Temu i Shein: Habeck chce zniesienia granic bezcłowych

1 tydzień temu
Ministerstwo Gospodarki opracowało plan działań w zakresie handlu elektronicznego. Cel: lepsza kontrola tanich azjatyckich platform, takich jak Temu i Shein.

Federalny minister gospodarki Robert Habeck (Zieloni) chce ściślej kontrolować azjatyckie portale zakupowe, takie jak Temu i Shein, oraz znieść limit 150 euro bezcłowy. Wynika to z planu działania w zakresie handlu elektronicznego opracowanego przez Federalne Ministerstwo Gospodarki (BMWK). Plan jest dostępny dla Niemieckiej Agencji Prasowej. „Każdy, kto robi zakupy w Internecie, musi mieć pewność, iż produkty są bezpieczne i nieszkodliwe.
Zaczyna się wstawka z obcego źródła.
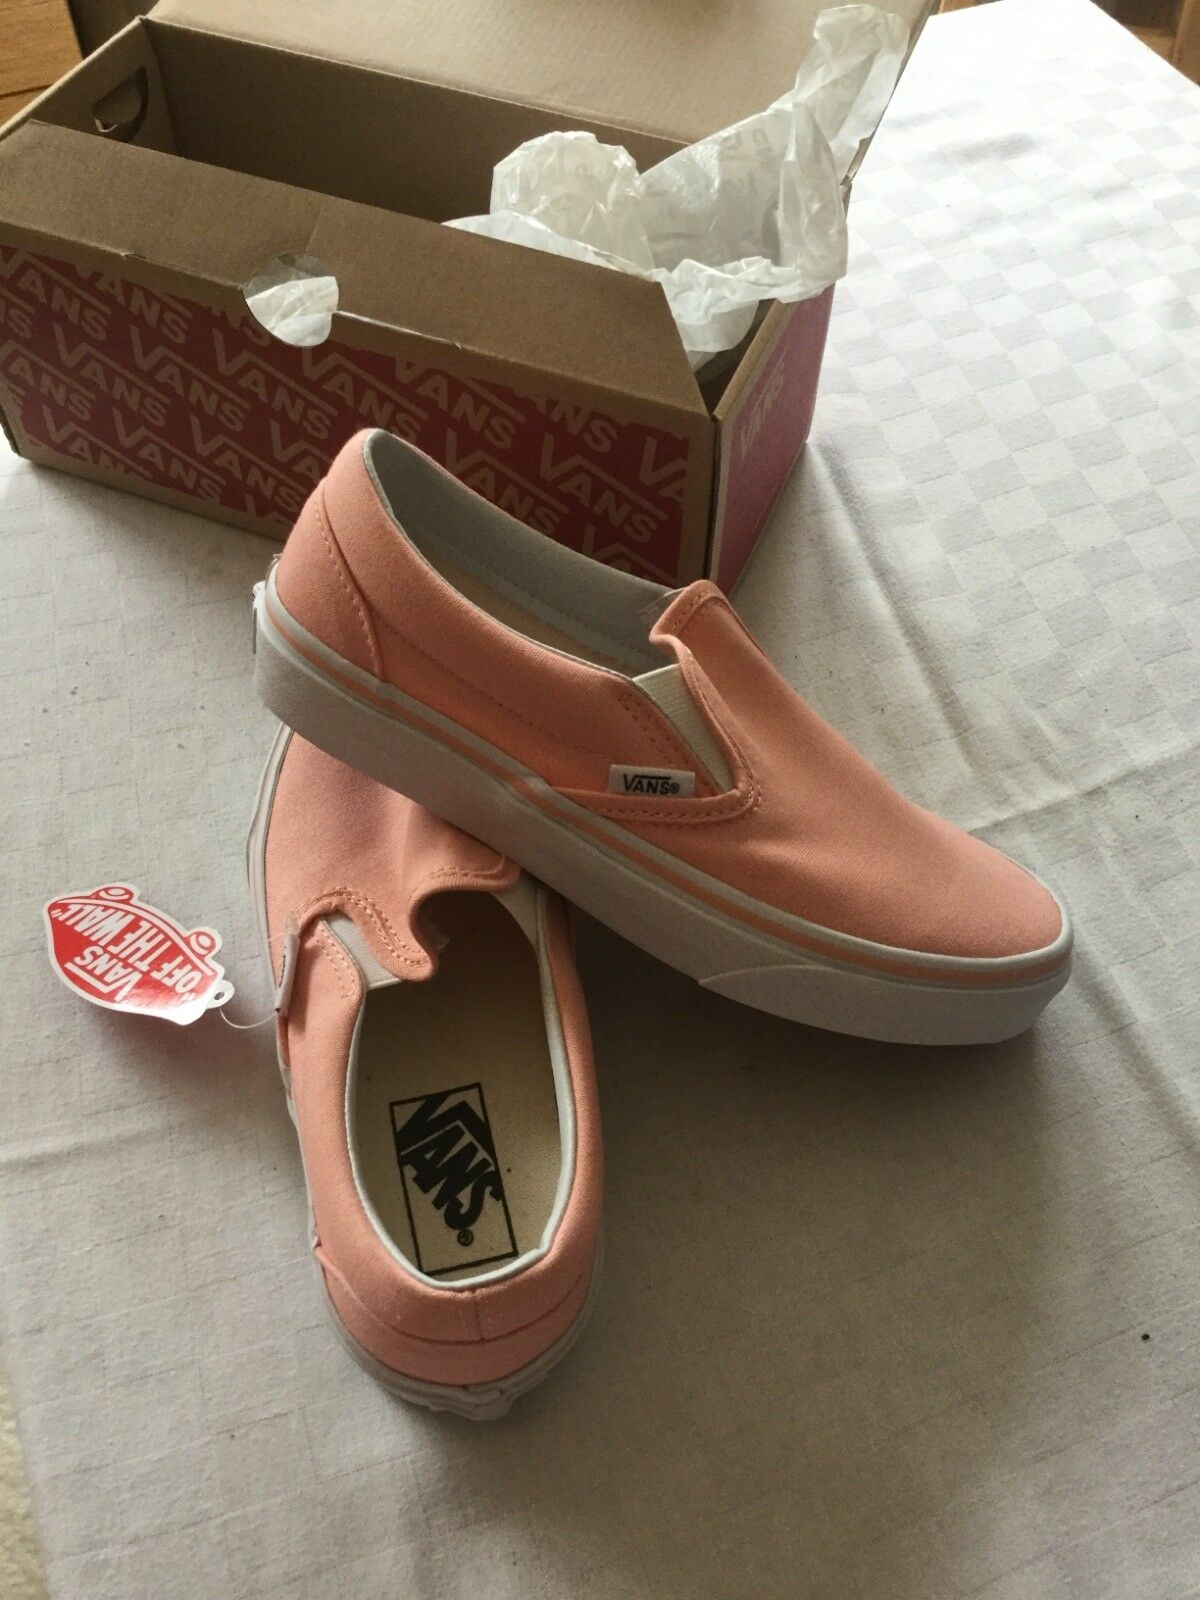 Vans classic slip on tropical peach true white Sneakers BNWB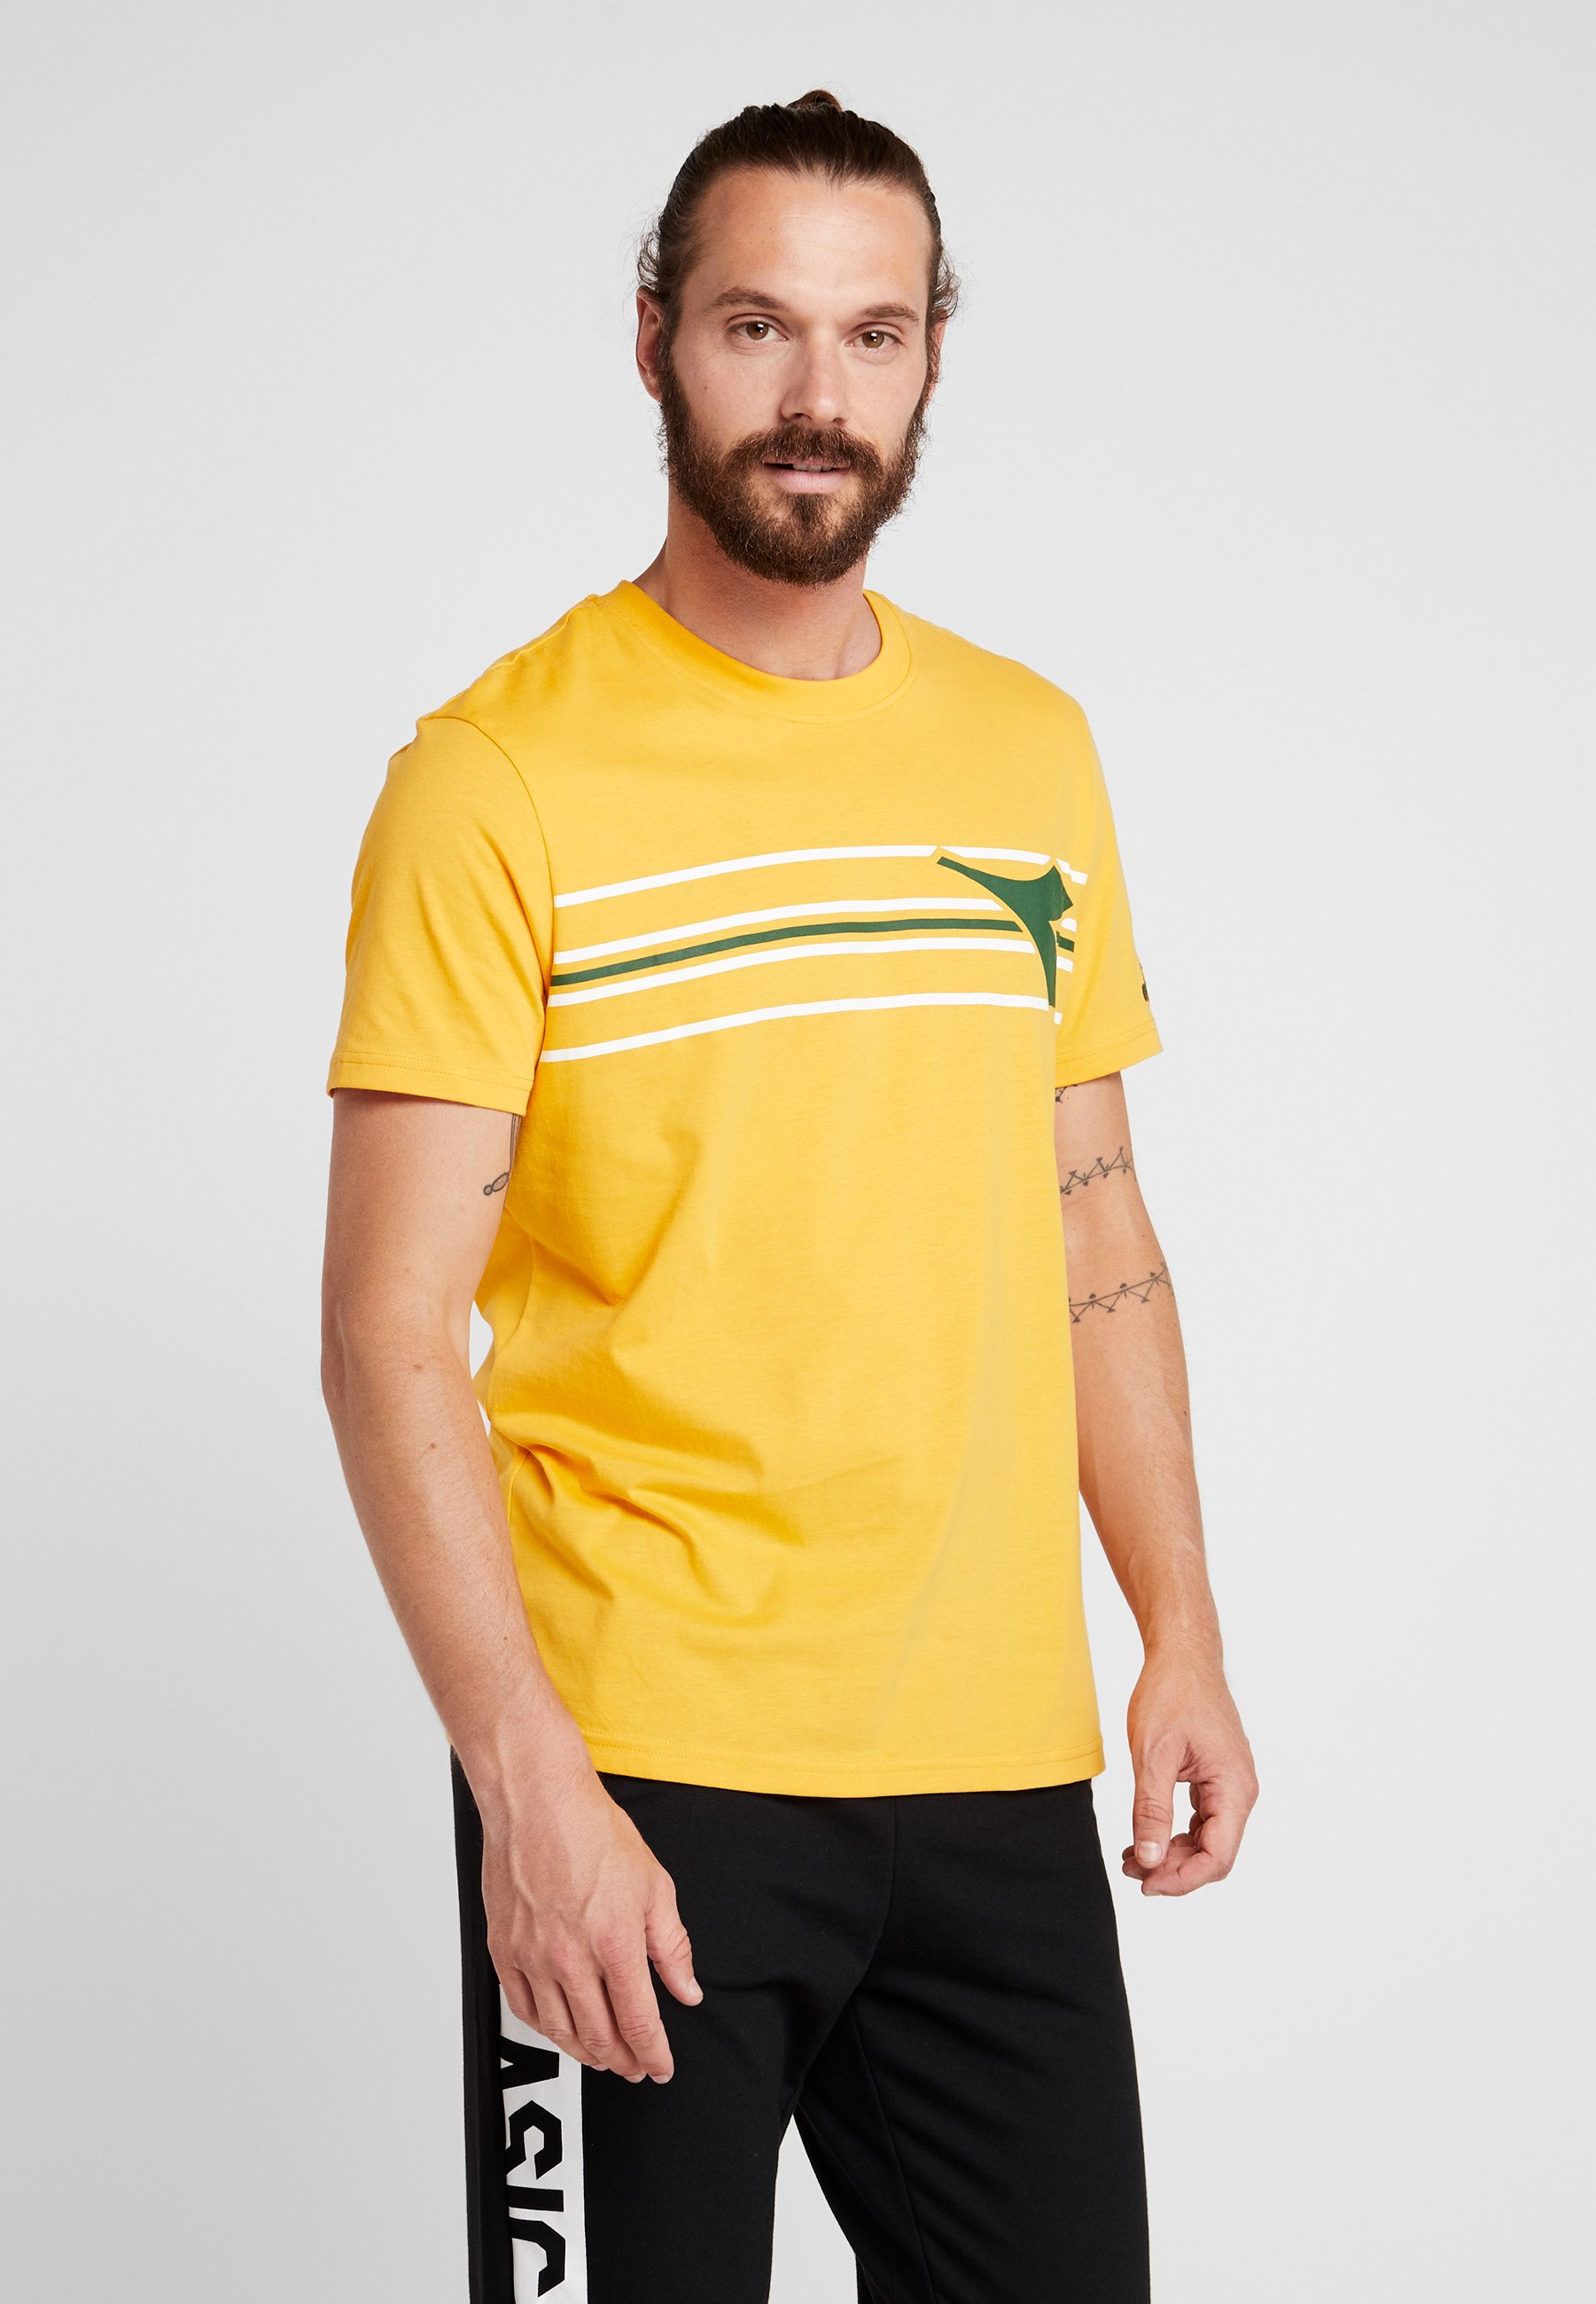 Imprimé Orange Diadora FregioT shirt Mustard m8wONn0v

Substancje toksyczne nie mogą znajdować się w ubraniach ani sprzęcie do zabawy” – stwierdził Habeck. Niemieckie i europejskie firmy „nie powinny znajdować się w niekorzystnej sytuacji z powodu obchodzenia obowiązujących przepisów przez innych”.

Plan działania przewiduje m.in. bliższą współpracę pomiędzy krajowymi i europejskimi organami nadzoru rynku oraz organami celnymi. Powinny zatem przeprowadzać skoordynowane kontrole. Ministerstwo opowiada się także za rozszerzeniem uprawnień władz. Powinno to umożliwić im podjęcie bezpośrednich działań przeciwko internetowym platformom handlowym. Zniesienie granicy bezcłowej powinno nastąpić „szybko i przy niewielkiej biurokracji”. Azjatyckie platformy internetowe korzystają głównie z frachtu lotniczego. W przypadku zamówień z państw spoza UE nie są pobierane żadne opłaty przy imporcie paczek o wartości mniejszej niż 150 euro.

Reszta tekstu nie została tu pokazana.